Tech & Engineering

Migrating the Pipeline: Tracking Clickstream Events

January 10, 2023
Bora Kaplan
Data Engineer
Tech & Engineering
Share this article:

Berlin-based Data Engineer, Bora Kaplan, shares how a year-long migration to improve the pipeline that tracks our event data called for cross-team collaboration, clear communication, and continued stakeholder support.

Tracking user actions is critical for any business to understand how users behave on the application. It helps us to improve the user experience and make data-driven decisions.

It’s our mission at GetYourGuide to bring incredible experiences to everyone. To be able to deliver just that, we have to learn what makes it incredible for our users. We need a dedicated pipeline and services built around it for this purpose specifically.

As data platform engineers, we are responsible for providing a framework to anyone who wants to work with data. That includes clickstream data or as we refer to it, events data. As our users go through our websites or apps, we track their actions and capture events. Just to illustrate what kind of data we’re talking about in this post, here’s a simplified example for CurrencyChangeAction event:

{
 "currency": "GBP",
 "old_currency": "GBP",
 "new_currency": "EUR",
 "producer_properties": ,
 "enriched_properties":

There are five different types of events:

  1. PageRequest/View Events: These are page view events which are fired whenever a user lands on a website page or navigates to a view on the native apps.

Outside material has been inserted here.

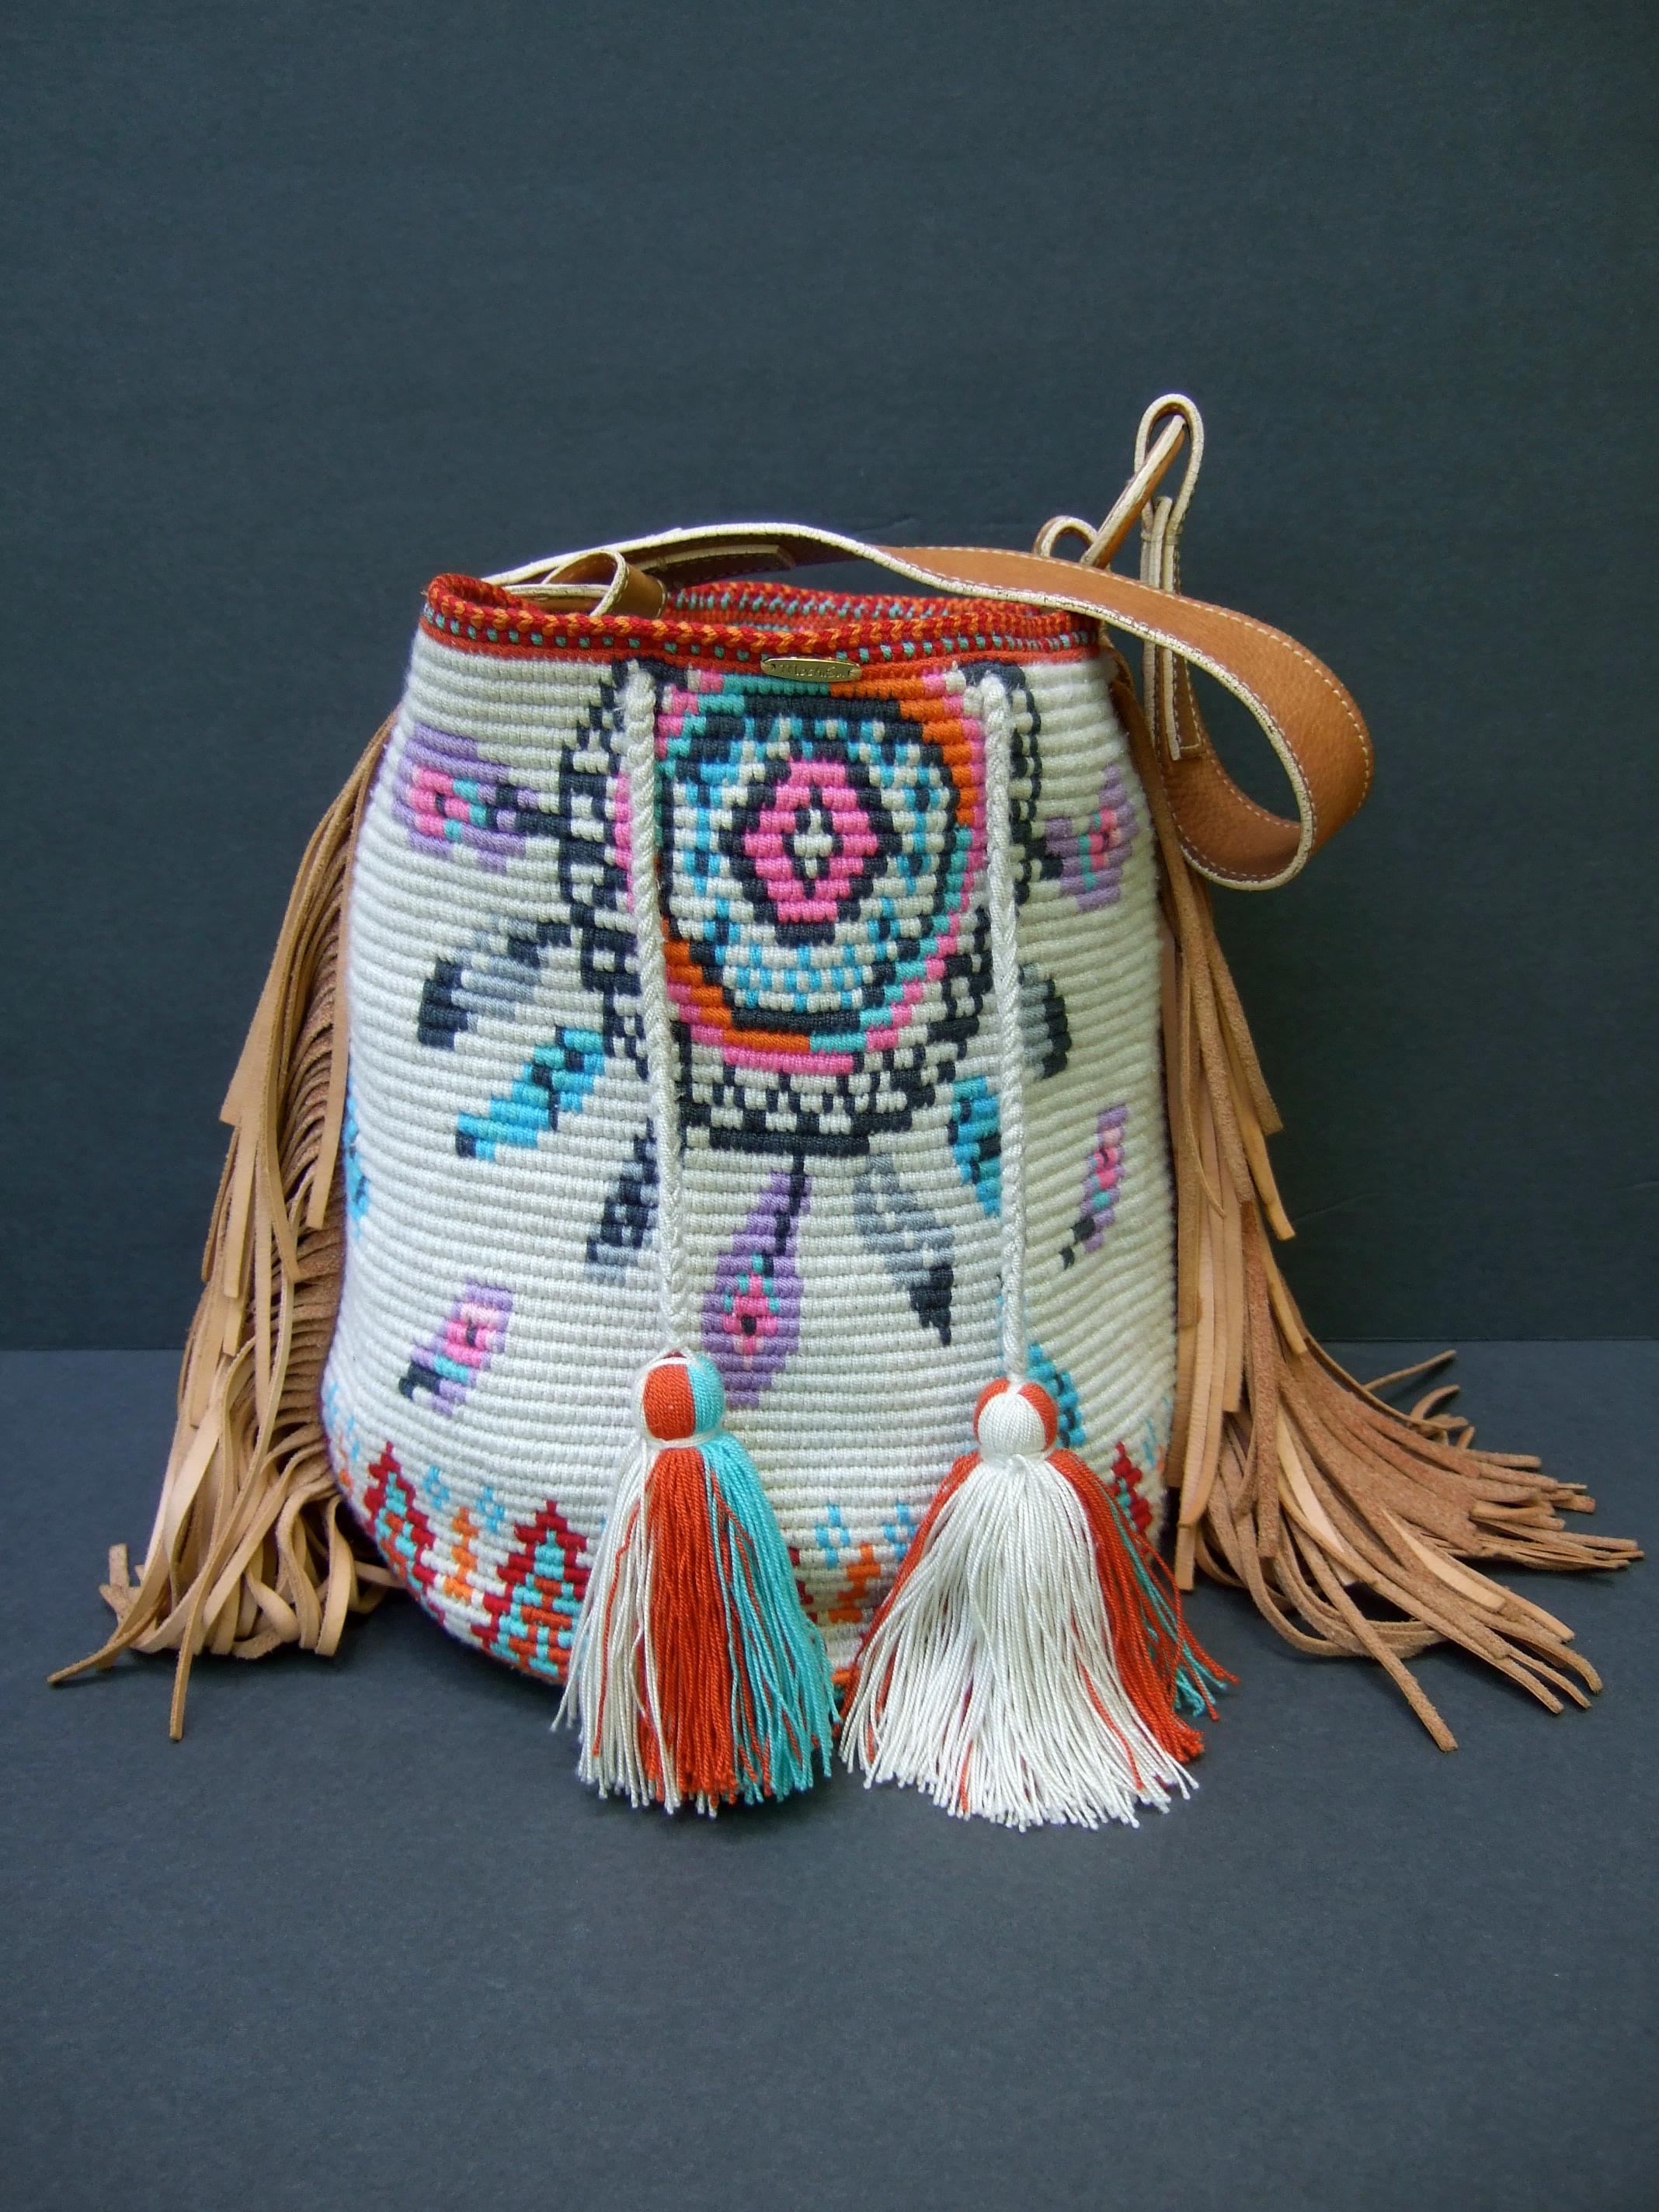  Handmade Woven Wool Knit Artisan Bucket Shoulder Bag c 1990s For Sale 7

For example, HomePageRequest, DiscoveryView, etc.
  2. Action Events: These are events fired by user-initiated actions and usually describe either a business process, or a meaningful interaction. For example, BookAction, CurrencyChangeAction, etc.
  3. UI Events: Generic user actions generated by operating on the UI. For example, UIClick, UISlide, etc.
  4. Error Events: These are tracked when the user encounters an error. For example, AvailabilityError, PaymentError.
  5. Other Types of Events: These are events that don't fit into the first four categories. For example, ExperimentImpression, AttributionTracking.

At the time of writing, we have 267 unique events flowing through our pipelines. On average, we receive about 2,500 events per second, or 216 million events per day through our ingestion service.

Events data is very valuable for the application writers to ensure the health of their services. Our data analysts, business intelligence engineers, and even product managers use this data to run analyses to build dashboards and generate reports. Data scientists use this data to build machine learning models for our recommendation systems to serve people with better search results and related activities. It also powers our AB experimentation platform and our marketing attribution model.

Last year we completed our migration to the new platform. It was a major project,  requiring close collaboration with every one of GetYourGuide’s engineering teams. In this post we will go through how we improved our pipeline and data quality, and also look at the challenges that we faced while running a year-long migration.

Old Architecture

The old architecture was based on Thrift. Schemas were created as Thrift definitions and the incoming JSON payload would be converted to Thrift and then sent to Kafka. From there, it would be consumed and converted into Parquet to end up in our data lake.

Components

  • Collector - The ingestion service, written in Scala with Akka Http. It receives event payloads in JSON, converts them to Thrift and validates the schema. It then does basic enrichment (e.g., geolocation data) and publishes the event to Kafka.
  • Kafka - Communication layer between our applications. Events are mostly published by Collector while some producers bypass it and publish to Kafka directly. Each event gets its own topic.
  • Quickline - A simple Kafka consumer written in Java. It consumes all the event topics, converts them to parquet using Thrift schemas, then dumps them to S3.
  • Thrift Schemas - Our monorepo containing all Thrift definitions. When there is an update, our CI/CD pipeline will trigger a new build for Collector and Quickline to consume the updated schema definitions.

Strengths

  • Simpler architecture, easier to implement and maintain. Applications would send mostly complete payloads to Collector or Kafka directly. This means that data flow is very simple.
  • Thrift enables us to have some schema control (but not perfect) on the data.
  • Basic data enrichment directly done in Collector. There is no downstream pipeline to enrich data further. Payloads contain almost all the data required.
  • Some applications can bypass Collector and send to Kafka directly. This leads to better results for producer applications with heavy loads.

Weaknesses

  • Our team became a bottleneck controlling the schemas. Thrift schemas were centralized in a single repository. This meant that every change would have to go through us. So not great ownership across producer teams.
  • Very relaxed schema definitions. Multiple applications were using the same definitions and sending the same event with different properties. We were not able to enable strictness on the data. Data quality suffers when everything is essentially nullable.
  • Lower data quality because of lack of ownership. This also meant monitoring the overall pipeline was not easy. There was no defined process for producers to follow through with their events after creation.
  • Everyone being able to bypass Collector meant that the only thing we could enforce was the Thrift schema on the events payload on Kafka messages. Not so great for enriching the data or monitoring the flow.
  • Thrift being a non-human readable text, makes it hard for developers to debug.
  • Collector doing all the work means long response times, which is not great for producer applications.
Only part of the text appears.